**THE TASK**. Begin at the line below that has "Michal Kwiatkowski saw" and stop after the line that has "Gucci 1955 Horsebit". Please restate only those lines, word for word.

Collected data
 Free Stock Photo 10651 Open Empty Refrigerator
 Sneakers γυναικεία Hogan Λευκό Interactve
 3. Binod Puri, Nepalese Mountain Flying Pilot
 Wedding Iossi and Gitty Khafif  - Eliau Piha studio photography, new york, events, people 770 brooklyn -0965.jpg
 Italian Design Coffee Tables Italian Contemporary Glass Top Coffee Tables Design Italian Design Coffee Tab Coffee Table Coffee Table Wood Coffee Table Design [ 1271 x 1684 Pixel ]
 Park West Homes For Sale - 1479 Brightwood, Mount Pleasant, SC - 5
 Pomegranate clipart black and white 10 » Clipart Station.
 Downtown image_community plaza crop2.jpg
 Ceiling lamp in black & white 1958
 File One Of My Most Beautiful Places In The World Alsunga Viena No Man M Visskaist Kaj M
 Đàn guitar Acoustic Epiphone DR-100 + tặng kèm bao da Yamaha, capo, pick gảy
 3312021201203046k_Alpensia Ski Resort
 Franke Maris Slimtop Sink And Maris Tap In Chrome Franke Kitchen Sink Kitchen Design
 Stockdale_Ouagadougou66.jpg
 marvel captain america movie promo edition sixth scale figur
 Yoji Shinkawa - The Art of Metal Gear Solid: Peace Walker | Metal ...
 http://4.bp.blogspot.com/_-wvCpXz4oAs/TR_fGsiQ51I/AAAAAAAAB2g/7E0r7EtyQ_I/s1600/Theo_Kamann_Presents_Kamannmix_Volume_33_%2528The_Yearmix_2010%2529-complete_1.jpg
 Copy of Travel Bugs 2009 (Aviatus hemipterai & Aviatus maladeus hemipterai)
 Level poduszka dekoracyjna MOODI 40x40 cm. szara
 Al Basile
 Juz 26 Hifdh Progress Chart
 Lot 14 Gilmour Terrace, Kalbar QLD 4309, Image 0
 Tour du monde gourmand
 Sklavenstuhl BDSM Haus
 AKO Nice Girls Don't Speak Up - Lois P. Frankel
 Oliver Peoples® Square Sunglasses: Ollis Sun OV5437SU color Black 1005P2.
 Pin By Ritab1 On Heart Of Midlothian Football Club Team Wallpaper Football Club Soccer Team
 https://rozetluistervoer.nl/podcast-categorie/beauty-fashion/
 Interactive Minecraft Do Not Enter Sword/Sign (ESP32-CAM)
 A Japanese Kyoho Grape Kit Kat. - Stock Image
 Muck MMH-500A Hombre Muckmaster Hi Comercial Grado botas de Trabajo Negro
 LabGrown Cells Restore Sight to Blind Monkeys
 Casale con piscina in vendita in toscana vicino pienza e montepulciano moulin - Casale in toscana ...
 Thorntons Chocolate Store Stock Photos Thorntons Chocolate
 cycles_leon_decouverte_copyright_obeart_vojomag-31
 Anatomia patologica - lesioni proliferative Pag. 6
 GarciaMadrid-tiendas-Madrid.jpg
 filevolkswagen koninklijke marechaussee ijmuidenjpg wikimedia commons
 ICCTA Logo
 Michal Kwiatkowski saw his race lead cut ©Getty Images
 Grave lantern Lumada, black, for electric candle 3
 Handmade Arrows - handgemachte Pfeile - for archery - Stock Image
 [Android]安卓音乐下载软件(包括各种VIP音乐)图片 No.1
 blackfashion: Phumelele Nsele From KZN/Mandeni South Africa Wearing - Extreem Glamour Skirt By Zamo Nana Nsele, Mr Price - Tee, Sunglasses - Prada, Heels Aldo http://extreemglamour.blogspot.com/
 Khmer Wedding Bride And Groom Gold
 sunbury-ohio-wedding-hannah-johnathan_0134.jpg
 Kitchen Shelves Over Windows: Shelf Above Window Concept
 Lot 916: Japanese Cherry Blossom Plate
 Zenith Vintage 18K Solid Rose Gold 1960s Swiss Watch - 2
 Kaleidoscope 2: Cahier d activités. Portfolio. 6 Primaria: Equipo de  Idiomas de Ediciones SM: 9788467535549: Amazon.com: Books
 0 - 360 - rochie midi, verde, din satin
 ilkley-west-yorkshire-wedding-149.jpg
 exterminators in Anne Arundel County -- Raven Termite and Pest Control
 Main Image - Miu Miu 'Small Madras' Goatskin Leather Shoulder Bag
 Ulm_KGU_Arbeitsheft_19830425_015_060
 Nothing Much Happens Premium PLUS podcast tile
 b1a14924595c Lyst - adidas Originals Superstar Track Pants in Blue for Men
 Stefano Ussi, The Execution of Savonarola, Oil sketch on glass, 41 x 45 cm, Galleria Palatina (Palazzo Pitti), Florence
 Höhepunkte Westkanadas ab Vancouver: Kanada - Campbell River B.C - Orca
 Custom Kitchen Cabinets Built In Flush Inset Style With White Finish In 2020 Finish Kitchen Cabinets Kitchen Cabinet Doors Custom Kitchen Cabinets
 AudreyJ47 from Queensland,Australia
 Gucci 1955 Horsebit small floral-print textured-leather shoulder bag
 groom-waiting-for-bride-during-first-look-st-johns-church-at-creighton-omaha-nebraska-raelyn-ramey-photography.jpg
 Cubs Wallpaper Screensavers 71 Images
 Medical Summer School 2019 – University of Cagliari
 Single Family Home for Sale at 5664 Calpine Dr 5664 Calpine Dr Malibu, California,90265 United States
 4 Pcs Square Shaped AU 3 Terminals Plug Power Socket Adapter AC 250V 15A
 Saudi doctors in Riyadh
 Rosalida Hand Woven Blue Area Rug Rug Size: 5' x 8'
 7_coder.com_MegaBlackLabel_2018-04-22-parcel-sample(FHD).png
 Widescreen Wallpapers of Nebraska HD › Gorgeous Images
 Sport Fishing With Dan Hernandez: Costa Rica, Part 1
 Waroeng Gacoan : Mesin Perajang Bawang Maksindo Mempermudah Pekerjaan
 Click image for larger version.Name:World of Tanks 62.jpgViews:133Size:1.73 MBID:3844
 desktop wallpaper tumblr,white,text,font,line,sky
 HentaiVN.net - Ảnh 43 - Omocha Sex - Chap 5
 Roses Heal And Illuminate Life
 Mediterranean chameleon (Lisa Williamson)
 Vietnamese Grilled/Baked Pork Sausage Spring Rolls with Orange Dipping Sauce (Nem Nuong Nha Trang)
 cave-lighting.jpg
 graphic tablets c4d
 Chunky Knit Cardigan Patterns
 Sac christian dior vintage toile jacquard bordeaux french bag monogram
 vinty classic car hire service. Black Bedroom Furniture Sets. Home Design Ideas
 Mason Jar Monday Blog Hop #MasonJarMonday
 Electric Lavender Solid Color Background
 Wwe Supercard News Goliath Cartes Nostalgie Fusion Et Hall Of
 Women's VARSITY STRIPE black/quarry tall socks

**TASK OUTPUT**.
 Michal Kwiatkowski saw his race lead cut ©Getty Images
 Grave lantern Lumada, black, for electric candle 3
 Handmade Arrows - handgemachte Pfeile - for archery - Stock Image
 [Android]安卓音乐下载软件(包括各种VIP音乐)图片 No.1
 blackfashion: Phumelele Nsele From KZN/Mandeni South Africa Wearing - Extreem Glamour Skirt By Zamo Nana Nsele, Mr Price - Tee, Sunglasses - Prada, Heels Aldo http://extreemglamour.blogspot.com/
 Khmer Wedding Bride And Groom Gold
 sunbury-ohio-wedding-hannah-johnathan_0134.jpg
 Kitchen Shelves Over Windows: Shelf Above Window Concept
 Lot 916: Japanese Cherry Blossom Plate
 Zenith Vintage 18K Solid Rose Gold 1960s Swiss Watch - 2
 Kaleidoscope 2: Cahier d activités. Portfolio. 6 Primaria: Equipo de  Idiomas de Ediciones SM: 9788467535549: Amazon.com: Books
 0 - 360 - rochie midi, verde, din satin
 ilkley-west-yorkshire-wedding-149.jpg
 exterminators in Anne Arundel County -- Raven Termite and Pest Control
 Main Image - Miu Miu 'Small Madras' Goatskin Leather Shoulder Bag
 Ulm_KGU_Arbeitsheft_19830425_015_060
 Nothing Much Happens Premium PLUS podcast tile
 b1a14924595c Lyst - adidas Originals Superstar Track Pants in Blue for Men
 Stefano Ussi, The Execution of Savonarola, Oil sketch on glass, 41 x 45 cm, Galleria Palatina (Palazzo Pitti), Florence
 Höhepunkte Westkanadas ab Vancouver: Kanada - Campbell River B.C - Orca
 Custom Kitchen Cabinets Built In Flush Inset Style With White Finish In 2020 Finish Kitchen Cabinets Kitchen Cabinet Doors Custom Kitchen Cabinets
 AudreyJ47 from Queensland,Australia
 Gucci 1955 Horsebit small floral-print textured-leather shoulder bag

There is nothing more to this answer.